You should submit your solutions on Absalon by 22:00 on Monday the 20th of May 2024.
Detailed information can be found below.
The Data:
The data consist of 180000/60000/40000/20000 (train/test classification/test regression/test clustering) simulated
particle collisions and interactions in the ATLAS detector, situated at CERN's LHC accelerator ourside Geneva.
Colliding protons, one is interested in collisions, which produce e.g. electrons (as thus new particles decaying
to electrons must have been produced, since there are no electrons inside protons).
Electrons interact in a particular way in the detector, leaving a distinct signature which is different than for
other particles. Each candidate in the file is described by 140 variables (not all to be used!).
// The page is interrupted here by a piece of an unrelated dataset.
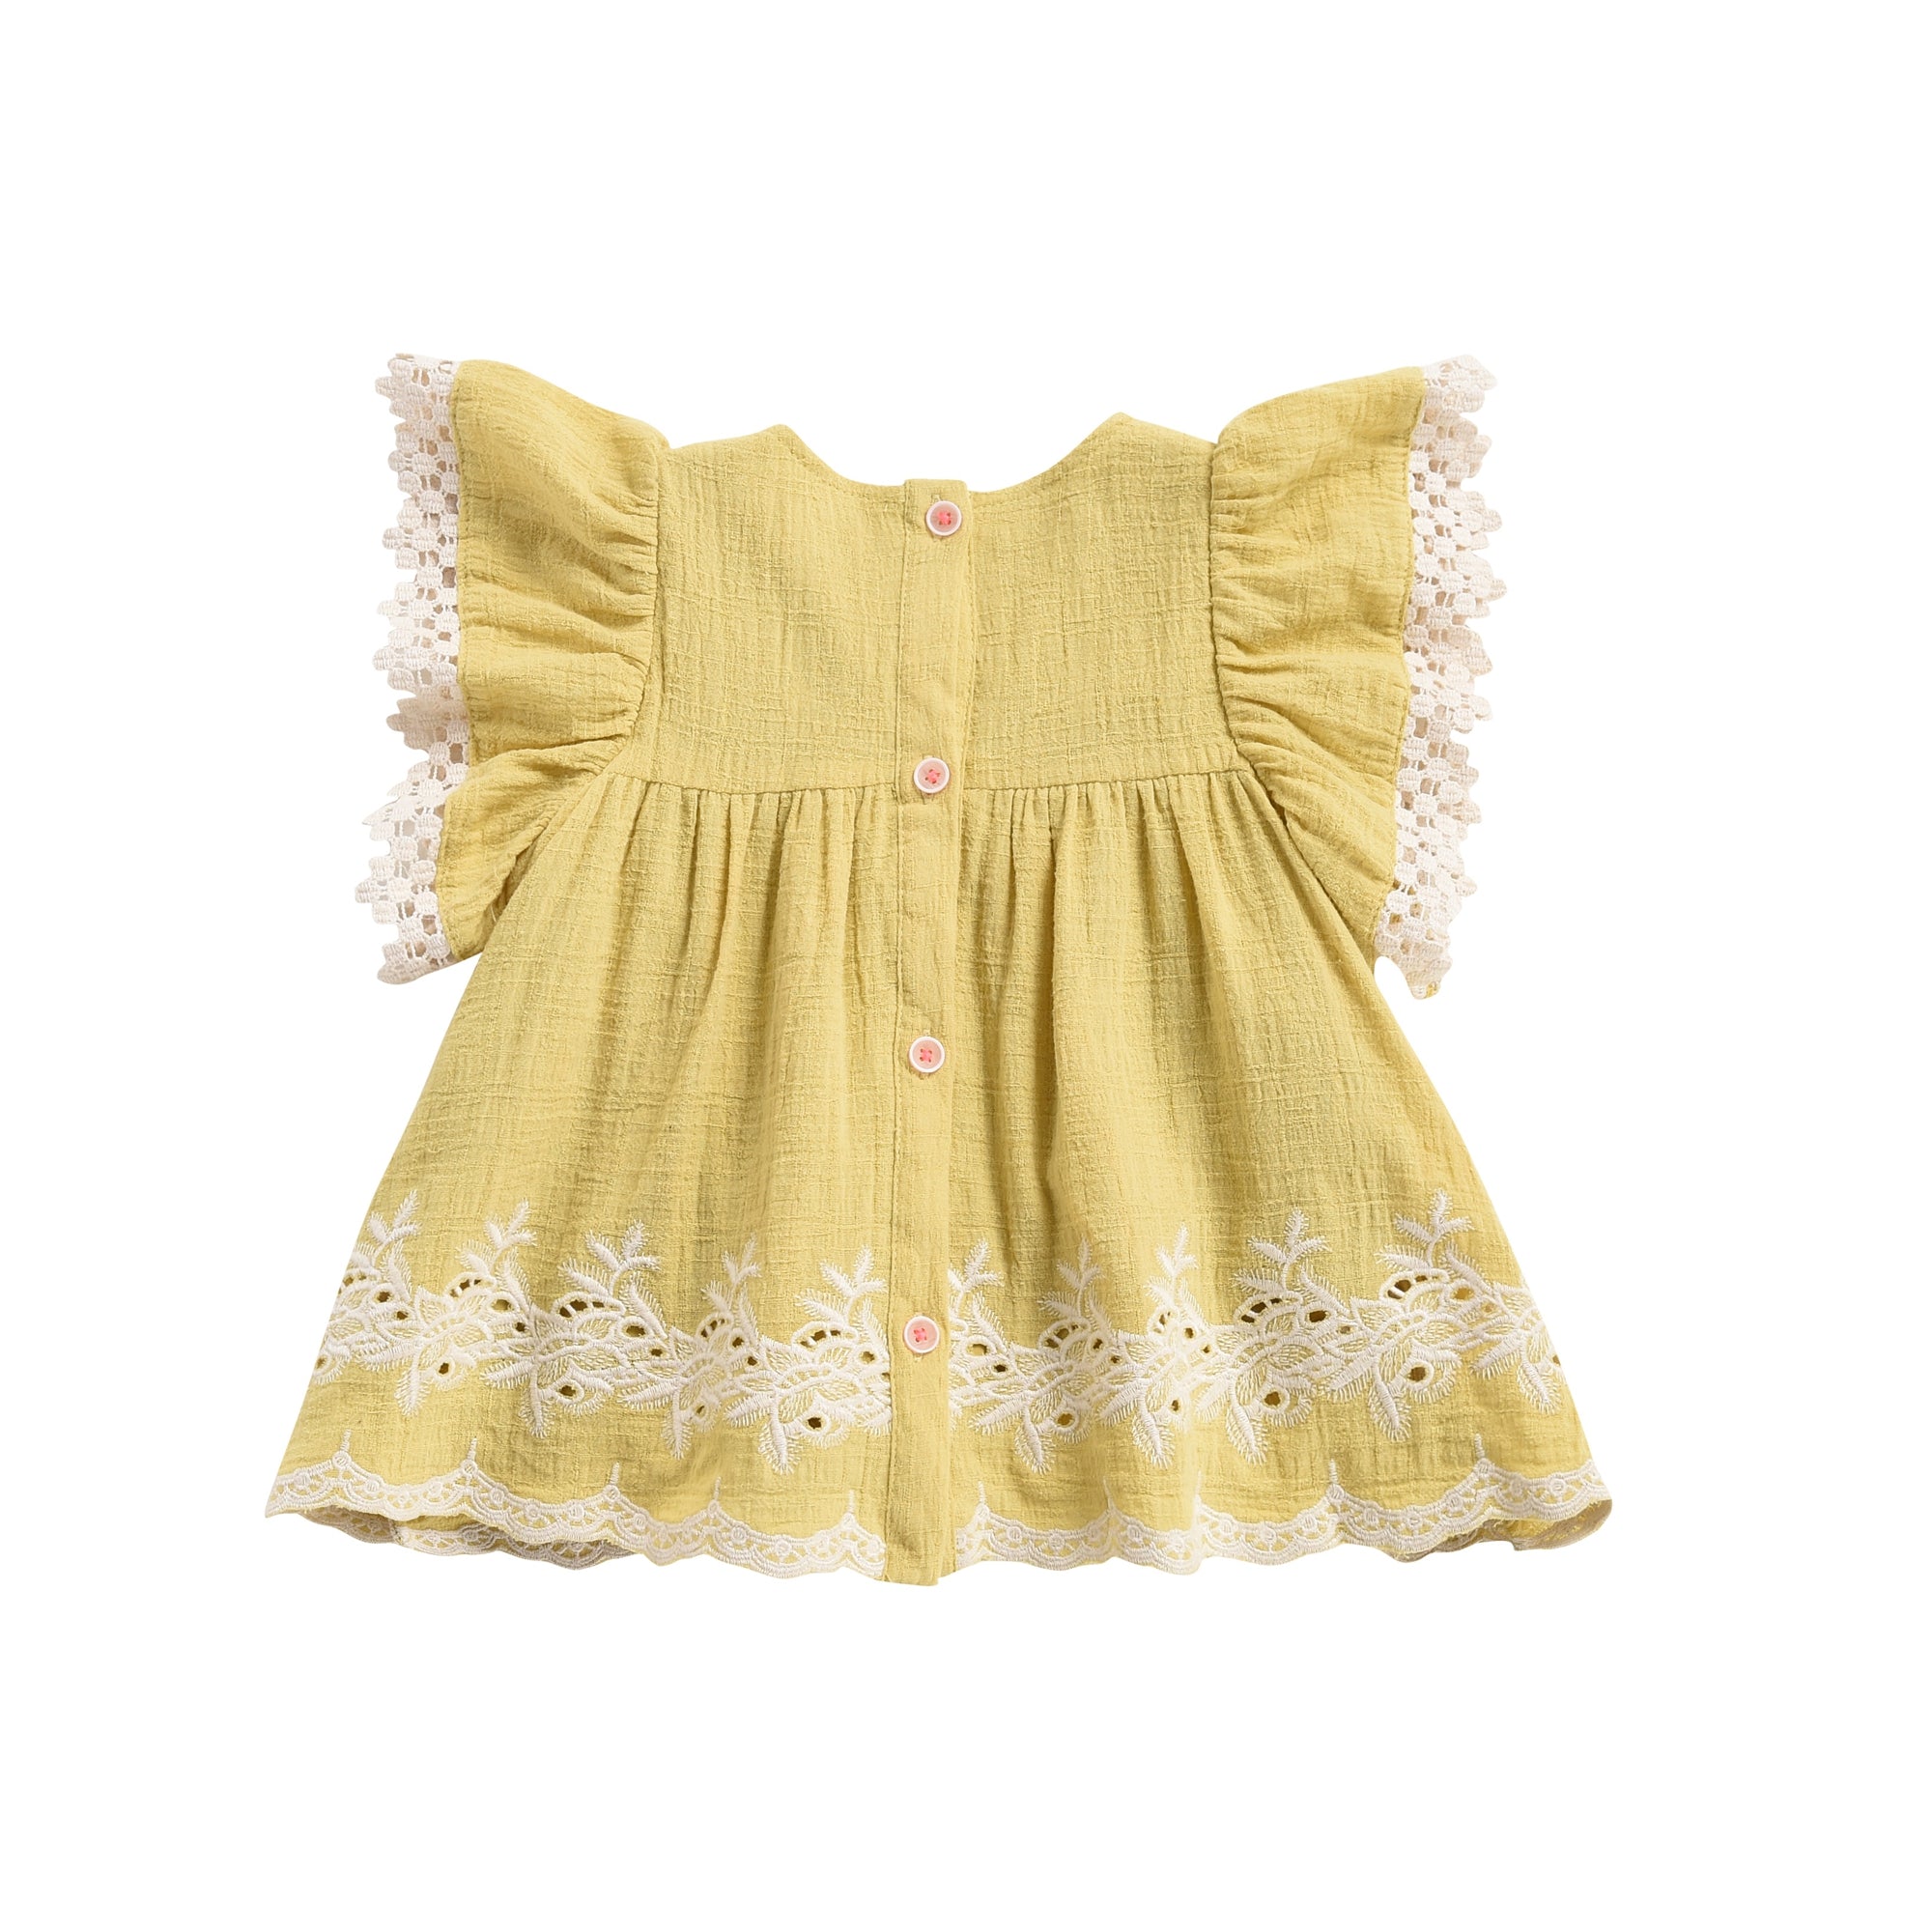 Girls Soft Yellow Cotton Dress

As the data is simulated, the "ground truth" is known, and we thus have perfect labels
(for both particle type and energy), which we can use for the supervised training.
You should use "AppML_InitialProject_train.csv/h5/parquet.gz" to develop and/or train your algorithm.
When training, remember to divide the sample into a part that you train on, and one that you validate on,
such that you don't overtrain (discussed in class). You may or may not want to use k-fold cross validation.
When you feel satisfied with your models, you should apply these to the three test sets, where you don't
know the true values:
Training sample (180000 cases):
AppML_InitialProject_train.csv, also in
hdf5, and
parquet format (216/96/106 MB).
Testing sample for classification (60000 cases):
AppML_InitialProject_test_classification.csv, also in
hdf5, and
parquet format (70/31/33 MB).
Testing sample for regression (40000 cases):
AppML_InitialProject_test_regression.csv, also in
hdf5, and
parquet format (46/21/22 MB).
Testing sample for clustering (20000 cases):
AppML_InitialProject_test_clustering.csv, also in
hdf5, and
parquet format (24/11/12 MB).
Problem Statement:
One would like to identify the electrons in the best possible way (i.e. separate them from
other particles) and also determine their energy as accurately as possible. Finally, one
would generally like to distinguish different (mainly non-electron) particle signatures as
well as can be done, unsupervised. More specifically:
Identify (i.e. classify) electrons vs. non-electrons. This should be based on
maximum 20 variables from the Variable List.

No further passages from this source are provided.